Cambrian Coast Football League
- Founded: 1920
- Folded: 1963
- Country: Wales

= Cambrian Coast Football League =

The Cambrian Coast Football League was a football league covering Mid Wales, in Wales, United Kingdom. It was also known during its history as the Cambrian Coast League.

==League History==
The league was founded in January 1920. It ran in the post-World War One period through to the end of the 1921–22 season, before it was absorbed into the Welsh National League system. It was reformed for the 1930–31 season as an eight club league.
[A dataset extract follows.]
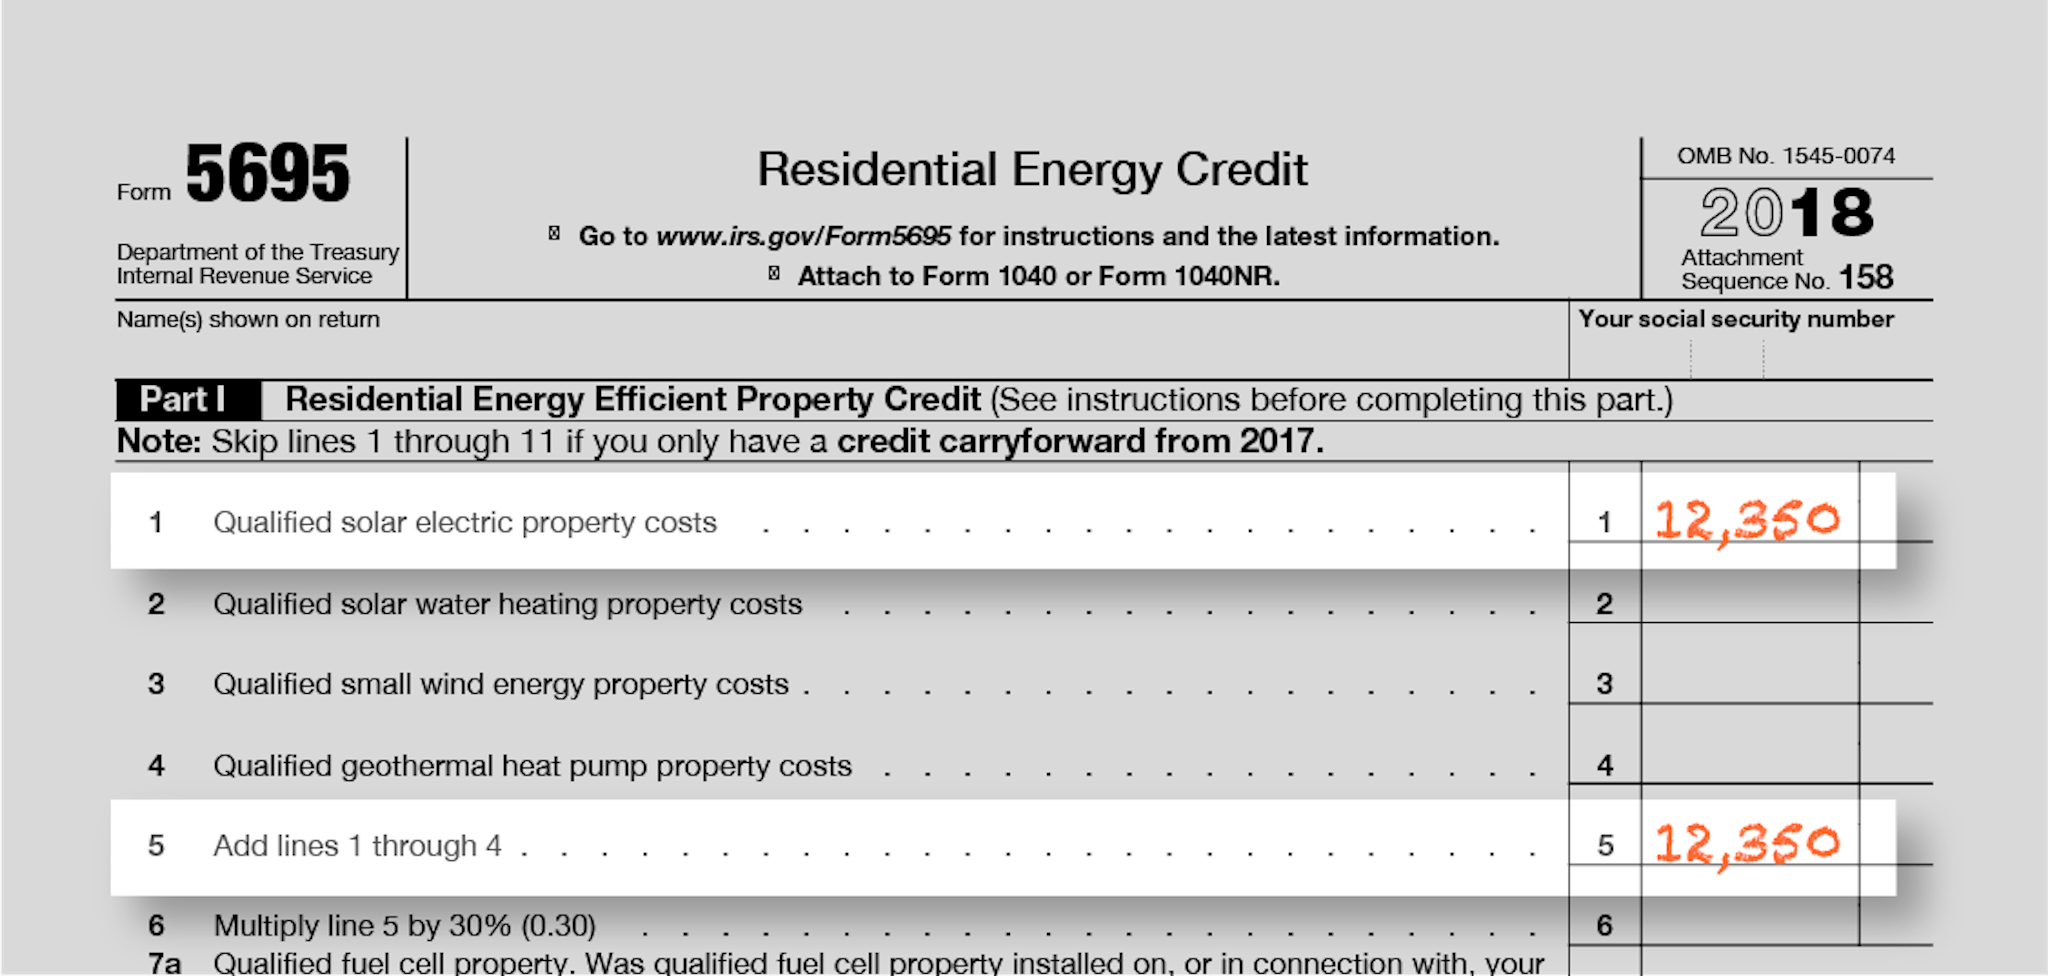 How to File IRS Form 5695 To Claim Your Renewable Energy Credits

The league considered a proposal to merge with the Mid-Wales League in May 1935 but rejected this and continued, inviting additional clubs to join the league.

The league ran through to the end of the 1962–63 season. Plans to reform the league in 1971 failed, and the league never returned.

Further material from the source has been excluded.